Kendi ülkemizden örnek verdiğim il Hatay. 2001 ve 2008 ekonomik krizleri hızlı atlatmış, hatta 2001 krizi bu şehre uğramamış bile diyebiliriz. 1990’daki Irak-Kuveyt 1.nci Körfez Savaşı, Türkiye’nin Irak ve Suriye sınırındaki tüm şehirlerin ekonomilerini çok kötü vurmuştur. Çünkü bu şehirlerin yerel ekosistemleri Irak ve Suriye ile yapılan ticaretle yaşayabilen ekosistemlerdi. Güney sınırımızdaki 7 ilden biri olan Hatay bu darboğazdan en hızlı çıkan ilimiz olmuştur. İşin detayına baktığınızda, ilin ekonomik altyapısı, sosyo kültürel bağlar, ekonomideki oyuncuların çok çeşitliği, işgücü esnekliği, yöre insanının değişimlere adaptasyon kabiliyeti, yaratıcılık sayılabilir. İlginç bir bilgi 90 yılların sonuna kadar İskenderun İlçesinin önde gelen büyük sermayedar ailelerden biri Yahudi bir aile. Daha ilginci Cami, Kilise ve Sinagog’un birbirine sırtını dayamış şekilde aynı noktada bulunduğu bir yer Antakya. Lafın özü, şehir, içinde yaşayan farklı kültürleri kendi kültür havuzunda ne kadar benimsiyor ne kadar harmanlıyorsa bu vak’a şehrin diğer tüm kalemlerine pozitif yansıyor. Bunu da sağlayacak olan o şehrin sakinleri ile meslek odaları ve STK’larıdır.
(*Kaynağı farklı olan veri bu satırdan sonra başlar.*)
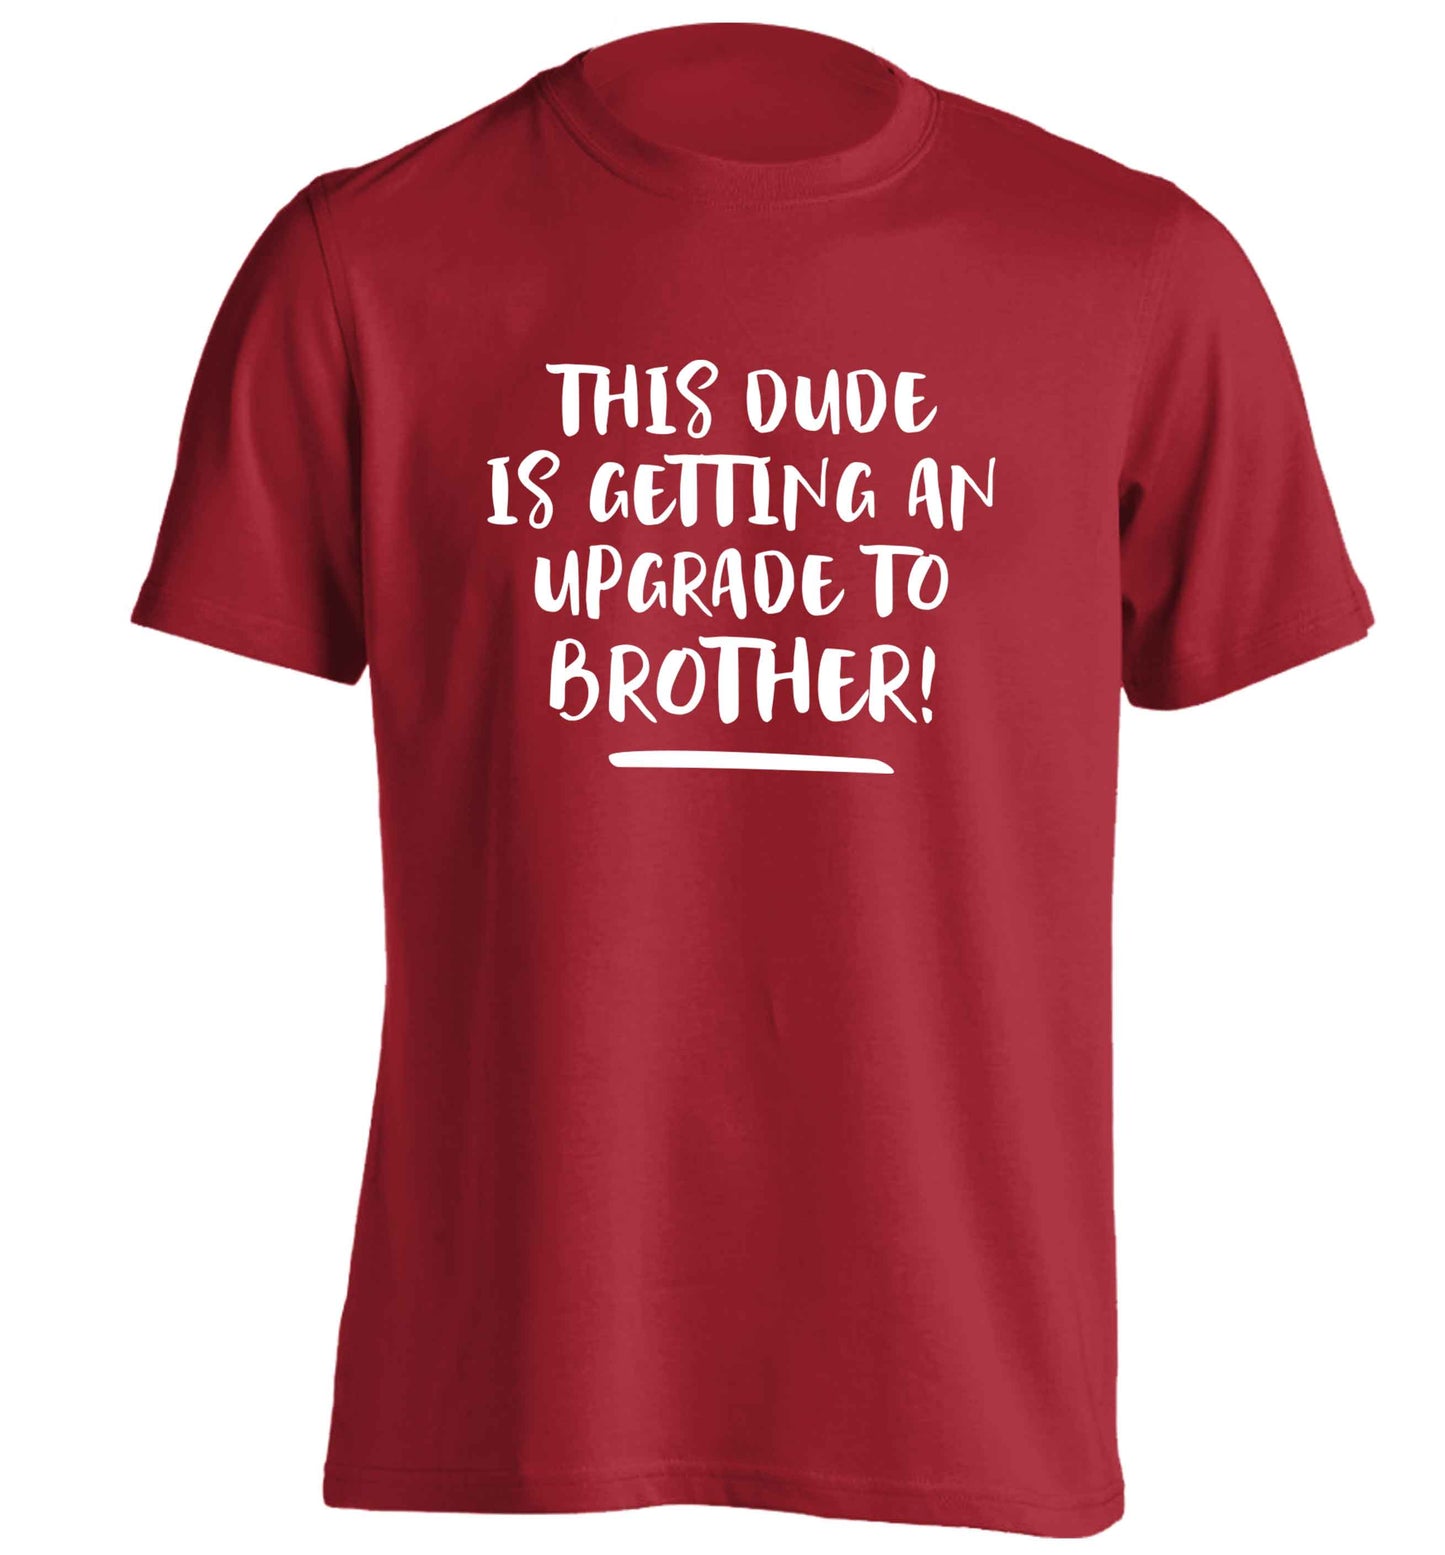 This dude is getting an upgrade to brother! adults unisex red Tshirt 2XL
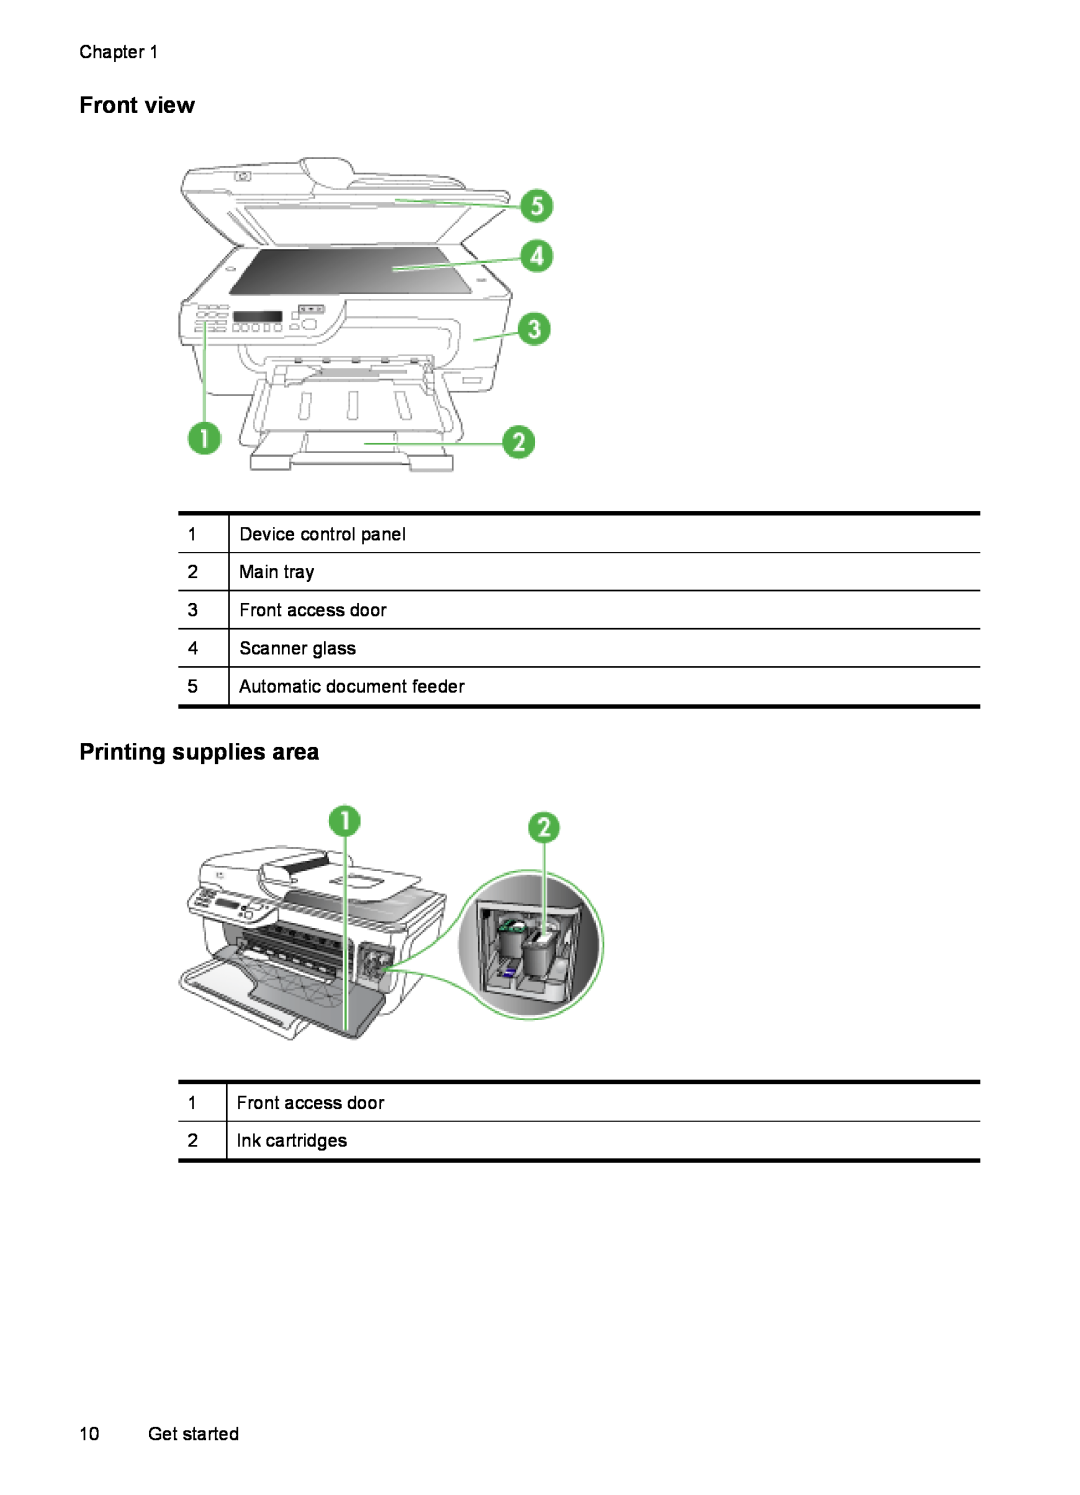 HP J4550 Front view, Printing supplies area, Chapter, Device control panel 2 Main tray 3 Front access door, Get started

Buralarda yaşayan insanların genel anlamda, şehirlerine bağlılık düzeylerinin çok yüksek olduğu, göç verme oranları çok az olduğu, işsizlik oranları ülke ortalamalarına kıyasen daha düşük olduğu, mutluluk düzeylerinin kendi ülke ortalamalarına göre yüksek olduğu görülmektedir. Sizleri çok dataya boğmamak adına genel bilgiler sunuyorum. Bazı veriler, Birleşmiş Milletler İnsani Gelişim İndeksi raporlarından incelenebilmektedir (ülke bazlı).
Ancak bu istatistikler bir yana, esas; Şehirlerin de biz insanlar gibi yaşayan kimlikleri ve karakterleri vardır. Bu karakteristik özellikleri şehirleri ön plana çıkartmakta ve yaşanabilir kılmaktadır. Karakteristiği bozulan şehirler tepki olarak zamanla ölmektedir. Yani artık sanatta, kültürde, ekonomisinde üretim düşmekte, göç vermeye başlamakta, mutsuzluk endeksi artmakta ve zamanla ölü bir şehre dönüşmektedir.
Şimdi globalden Ankara özeline gelecek olursak;
Aslında Ankara Cumhuriyet’ten önce bir ticaret merkezi. Osmanlı Döneminde ilk demiryolunun Ankara’ya kadar gelmesi Ankaralı tüccarların yoğun talebi sonucudur.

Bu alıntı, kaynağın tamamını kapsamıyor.